The records below hold a stretch from the line with "Pantel PAN200 Flat" through the line with "beneficios del tomate"; return exactly those lines, ends included, and nothing more.

(Data shown)

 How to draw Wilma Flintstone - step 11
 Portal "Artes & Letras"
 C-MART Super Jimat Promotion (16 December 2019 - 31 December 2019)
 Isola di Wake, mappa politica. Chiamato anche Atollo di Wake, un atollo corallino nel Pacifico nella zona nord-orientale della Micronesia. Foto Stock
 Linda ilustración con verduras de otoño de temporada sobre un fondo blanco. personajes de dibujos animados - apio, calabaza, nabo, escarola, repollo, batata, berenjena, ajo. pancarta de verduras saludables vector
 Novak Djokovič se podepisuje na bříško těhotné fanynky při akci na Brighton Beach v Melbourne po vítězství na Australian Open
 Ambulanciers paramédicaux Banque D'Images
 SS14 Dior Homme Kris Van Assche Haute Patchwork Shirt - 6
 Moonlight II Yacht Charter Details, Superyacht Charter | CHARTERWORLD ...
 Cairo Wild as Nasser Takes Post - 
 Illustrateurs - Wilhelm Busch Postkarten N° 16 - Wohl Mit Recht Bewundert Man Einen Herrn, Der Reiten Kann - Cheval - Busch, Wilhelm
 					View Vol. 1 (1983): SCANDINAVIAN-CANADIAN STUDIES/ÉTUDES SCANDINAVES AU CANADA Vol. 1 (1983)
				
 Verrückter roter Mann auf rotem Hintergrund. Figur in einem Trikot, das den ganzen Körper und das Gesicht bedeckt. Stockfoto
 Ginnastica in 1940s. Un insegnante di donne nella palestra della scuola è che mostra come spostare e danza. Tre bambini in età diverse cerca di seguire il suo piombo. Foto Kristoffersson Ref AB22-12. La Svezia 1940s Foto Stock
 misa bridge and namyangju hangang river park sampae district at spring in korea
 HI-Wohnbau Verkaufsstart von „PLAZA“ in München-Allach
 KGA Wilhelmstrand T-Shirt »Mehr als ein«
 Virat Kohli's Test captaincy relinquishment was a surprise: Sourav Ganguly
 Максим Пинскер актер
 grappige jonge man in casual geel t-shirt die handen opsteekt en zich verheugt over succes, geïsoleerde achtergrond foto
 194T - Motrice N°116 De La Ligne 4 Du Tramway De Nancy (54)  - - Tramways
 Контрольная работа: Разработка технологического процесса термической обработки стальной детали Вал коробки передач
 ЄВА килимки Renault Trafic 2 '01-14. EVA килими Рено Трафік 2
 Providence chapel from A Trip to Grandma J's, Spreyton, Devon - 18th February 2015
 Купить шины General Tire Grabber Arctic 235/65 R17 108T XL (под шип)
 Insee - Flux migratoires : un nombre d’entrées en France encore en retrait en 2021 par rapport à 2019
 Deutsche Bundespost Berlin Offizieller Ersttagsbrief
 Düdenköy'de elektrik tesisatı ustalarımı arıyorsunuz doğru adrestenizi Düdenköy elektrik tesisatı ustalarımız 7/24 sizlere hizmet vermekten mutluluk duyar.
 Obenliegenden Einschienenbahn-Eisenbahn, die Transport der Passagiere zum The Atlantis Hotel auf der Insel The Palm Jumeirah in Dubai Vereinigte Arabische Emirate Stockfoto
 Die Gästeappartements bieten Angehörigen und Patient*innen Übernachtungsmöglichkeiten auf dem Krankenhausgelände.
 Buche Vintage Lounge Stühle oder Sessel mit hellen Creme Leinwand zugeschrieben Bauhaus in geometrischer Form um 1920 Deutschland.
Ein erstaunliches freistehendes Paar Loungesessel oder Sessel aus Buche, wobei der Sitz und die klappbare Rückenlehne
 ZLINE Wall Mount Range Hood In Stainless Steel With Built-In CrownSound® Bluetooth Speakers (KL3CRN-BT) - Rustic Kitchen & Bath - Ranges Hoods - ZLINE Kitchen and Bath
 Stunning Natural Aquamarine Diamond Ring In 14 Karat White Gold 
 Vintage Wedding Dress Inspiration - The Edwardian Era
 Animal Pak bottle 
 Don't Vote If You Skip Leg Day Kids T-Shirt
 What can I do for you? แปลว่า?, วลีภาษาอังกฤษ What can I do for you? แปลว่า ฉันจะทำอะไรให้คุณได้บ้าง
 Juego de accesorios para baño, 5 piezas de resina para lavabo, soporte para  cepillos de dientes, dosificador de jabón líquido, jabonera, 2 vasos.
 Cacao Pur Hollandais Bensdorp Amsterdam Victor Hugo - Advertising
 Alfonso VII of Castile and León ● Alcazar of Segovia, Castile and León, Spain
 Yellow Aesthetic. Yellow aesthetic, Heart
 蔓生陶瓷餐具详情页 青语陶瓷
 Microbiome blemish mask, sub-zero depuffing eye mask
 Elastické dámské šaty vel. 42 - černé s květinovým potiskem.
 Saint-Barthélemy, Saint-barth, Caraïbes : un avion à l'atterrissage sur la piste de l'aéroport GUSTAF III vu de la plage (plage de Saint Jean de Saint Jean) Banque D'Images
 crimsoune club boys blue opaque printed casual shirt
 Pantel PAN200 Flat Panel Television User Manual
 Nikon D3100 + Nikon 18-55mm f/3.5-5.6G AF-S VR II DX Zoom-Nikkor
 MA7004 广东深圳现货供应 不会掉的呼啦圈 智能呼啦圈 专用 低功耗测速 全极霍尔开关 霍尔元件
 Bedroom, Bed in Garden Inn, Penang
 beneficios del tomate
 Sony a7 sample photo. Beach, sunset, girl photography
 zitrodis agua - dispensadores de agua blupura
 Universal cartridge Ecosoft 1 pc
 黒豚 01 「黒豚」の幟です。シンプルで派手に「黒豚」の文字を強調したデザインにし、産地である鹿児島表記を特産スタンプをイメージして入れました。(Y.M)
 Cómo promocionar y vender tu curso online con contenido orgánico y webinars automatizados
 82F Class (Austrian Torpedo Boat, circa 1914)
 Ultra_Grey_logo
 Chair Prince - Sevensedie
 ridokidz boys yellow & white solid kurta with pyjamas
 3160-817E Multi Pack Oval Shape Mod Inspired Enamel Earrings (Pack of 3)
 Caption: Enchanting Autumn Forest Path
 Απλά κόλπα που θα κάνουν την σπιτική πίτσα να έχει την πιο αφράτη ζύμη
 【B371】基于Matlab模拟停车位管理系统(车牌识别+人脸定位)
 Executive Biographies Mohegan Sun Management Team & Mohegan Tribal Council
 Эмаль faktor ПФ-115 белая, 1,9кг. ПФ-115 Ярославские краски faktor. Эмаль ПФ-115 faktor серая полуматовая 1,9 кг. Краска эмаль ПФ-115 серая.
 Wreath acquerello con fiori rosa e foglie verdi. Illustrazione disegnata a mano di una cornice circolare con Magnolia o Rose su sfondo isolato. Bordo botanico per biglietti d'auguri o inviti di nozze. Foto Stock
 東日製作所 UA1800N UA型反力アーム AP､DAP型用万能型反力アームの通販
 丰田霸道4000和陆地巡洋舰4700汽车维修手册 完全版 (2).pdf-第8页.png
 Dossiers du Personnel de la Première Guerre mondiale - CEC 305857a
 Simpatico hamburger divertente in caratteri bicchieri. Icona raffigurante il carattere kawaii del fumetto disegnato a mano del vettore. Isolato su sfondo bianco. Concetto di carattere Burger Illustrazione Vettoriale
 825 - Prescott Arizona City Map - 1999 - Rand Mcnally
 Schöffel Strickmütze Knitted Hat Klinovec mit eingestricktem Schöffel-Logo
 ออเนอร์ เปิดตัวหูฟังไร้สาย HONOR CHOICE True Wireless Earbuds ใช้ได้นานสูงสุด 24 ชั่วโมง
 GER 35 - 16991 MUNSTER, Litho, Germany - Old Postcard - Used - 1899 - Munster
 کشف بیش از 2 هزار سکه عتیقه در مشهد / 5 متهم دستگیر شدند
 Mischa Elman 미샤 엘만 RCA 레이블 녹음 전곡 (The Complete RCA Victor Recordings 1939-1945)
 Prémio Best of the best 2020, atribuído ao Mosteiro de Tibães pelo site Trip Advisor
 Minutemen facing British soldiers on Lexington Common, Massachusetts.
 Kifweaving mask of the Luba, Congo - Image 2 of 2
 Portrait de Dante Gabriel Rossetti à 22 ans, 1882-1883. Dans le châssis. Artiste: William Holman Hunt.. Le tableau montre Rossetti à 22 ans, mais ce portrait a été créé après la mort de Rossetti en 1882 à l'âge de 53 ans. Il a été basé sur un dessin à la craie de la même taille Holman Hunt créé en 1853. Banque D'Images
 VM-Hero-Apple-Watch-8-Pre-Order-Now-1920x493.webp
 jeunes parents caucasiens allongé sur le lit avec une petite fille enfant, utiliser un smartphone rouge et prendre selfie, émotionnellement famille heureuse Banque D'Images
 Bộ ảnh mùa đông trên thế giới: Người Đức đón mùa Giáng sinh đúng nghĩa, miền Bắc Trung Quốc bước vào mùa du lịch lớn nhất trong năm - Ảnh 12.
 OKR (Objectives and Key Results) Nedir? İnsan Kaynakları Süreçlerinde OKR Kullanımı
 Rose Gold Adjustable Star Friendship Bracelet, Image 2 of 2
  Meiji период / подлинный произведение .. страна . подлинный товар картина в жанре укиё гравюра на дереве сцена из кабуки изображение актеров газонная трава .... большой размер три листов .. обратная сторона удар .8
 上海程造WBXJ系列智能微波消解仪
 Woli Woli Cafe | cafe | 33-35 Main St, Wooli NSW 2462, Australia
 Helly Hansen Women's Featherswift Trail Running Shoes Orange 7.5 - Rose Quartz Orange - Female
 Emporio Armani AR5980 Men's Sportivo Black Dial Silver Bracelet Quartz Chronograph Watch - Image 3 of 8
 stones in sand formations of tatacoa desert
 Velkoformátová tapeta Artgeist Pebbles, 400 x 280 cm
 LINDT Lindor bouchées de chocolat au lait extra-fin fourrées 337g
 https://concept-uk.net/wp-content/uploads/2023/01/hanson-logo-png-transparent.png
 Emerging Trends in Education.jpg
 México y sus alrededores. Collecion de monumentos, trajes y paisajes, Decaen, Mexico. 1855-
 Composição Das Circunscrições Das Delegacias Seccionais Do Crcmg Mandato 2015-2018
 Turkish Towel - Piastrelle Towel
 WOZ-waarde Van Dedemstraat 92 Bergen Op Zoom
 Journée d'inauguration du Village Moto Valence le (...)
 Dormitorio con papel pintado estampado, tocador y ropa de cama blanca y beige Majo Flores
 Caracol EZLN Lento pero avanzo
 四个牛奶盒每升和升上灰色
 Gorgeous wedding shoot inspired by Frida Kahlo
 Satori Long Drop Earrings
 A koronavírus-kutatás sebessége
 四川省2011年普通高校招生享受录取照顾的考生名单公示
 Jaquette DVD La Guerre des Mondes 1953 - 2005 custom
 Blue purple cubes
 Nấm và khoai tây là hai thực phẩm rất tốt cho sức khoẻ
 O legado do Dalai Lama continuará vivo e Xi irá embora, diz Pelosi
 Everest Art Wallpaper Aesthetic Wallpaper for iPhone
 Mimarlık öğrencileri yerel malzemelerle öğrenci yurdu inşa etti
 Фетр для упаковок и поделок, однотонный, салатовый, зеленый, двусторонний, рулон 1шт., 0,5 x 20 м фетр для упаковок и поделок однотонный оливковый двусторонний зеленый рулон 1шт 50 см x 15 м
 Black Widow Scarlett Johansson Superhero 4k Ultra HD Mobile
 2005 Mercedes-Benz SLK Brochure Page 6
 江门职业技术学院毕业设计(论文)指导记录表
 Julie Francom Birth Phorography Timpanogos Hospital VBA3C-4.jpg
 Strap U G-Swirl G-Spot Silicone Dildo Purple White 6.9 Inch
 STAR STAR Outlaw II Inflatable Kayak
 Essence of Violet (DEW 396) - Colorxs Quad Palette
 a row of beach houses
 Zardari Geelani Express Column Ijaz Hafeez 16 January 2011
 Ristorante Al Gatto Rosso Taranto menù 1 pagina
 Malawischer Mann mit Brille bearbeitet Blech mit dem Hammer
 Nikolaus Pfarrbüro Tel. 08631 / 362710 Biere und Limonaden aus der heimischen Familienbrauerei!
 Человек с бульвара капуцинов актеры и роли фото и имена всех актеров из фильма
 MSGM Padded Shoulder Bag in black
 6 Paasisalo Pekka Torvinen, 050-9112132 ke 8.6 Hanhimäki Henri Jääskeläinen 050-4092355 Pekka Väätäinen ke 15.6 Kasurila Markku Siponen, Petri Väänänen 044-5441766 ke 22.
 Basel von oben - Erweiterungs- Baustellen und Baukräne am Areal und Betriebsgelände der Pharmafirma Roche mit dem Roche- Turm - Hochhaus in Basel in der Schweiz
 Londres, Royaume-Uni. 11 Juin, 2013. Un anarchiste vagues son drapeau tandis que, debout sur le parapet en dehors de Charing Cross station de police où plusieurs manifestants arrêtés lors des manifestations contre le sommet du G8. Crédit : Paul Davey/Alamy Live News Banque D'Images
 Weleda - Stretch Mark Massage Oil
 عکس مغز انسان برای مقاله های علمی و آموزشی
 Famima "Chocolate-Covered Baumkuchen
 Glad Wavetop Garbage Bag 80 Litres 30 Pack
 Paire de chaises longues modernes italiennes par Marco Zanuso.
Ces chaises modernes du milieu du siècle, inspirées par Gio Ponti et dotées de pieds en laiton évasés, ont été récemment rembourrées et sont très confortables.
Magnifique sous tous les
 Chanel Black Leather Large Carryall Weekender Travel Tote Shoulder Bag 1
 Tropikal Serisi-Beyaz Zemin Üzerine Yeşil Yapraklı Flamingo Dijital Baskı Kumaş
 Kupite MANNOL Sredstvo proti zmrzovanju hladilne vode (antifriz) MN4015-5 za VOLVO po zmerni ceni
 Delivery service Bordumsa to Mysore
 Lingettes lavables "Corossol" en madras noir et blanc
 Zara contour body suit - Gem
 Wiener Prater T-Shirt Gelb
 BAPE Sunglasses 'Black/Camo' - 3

(End Data shown)

Task response
 Pantel PAN200 Flat Panel Television User Manual
 Nikon D3100 + Nikon 18-55mm f/3.5-5.6G AF-S VR II DX Zoom-Nikkor
 MA7004 广东深圳现货供应 不会掉的呼啦圈 智能呼啦圈 专用 低功耗测速 全极霍尔开关 霍尔元件
 Bedroom, Bed in Garden Inn, Penang
 beneficios del tomate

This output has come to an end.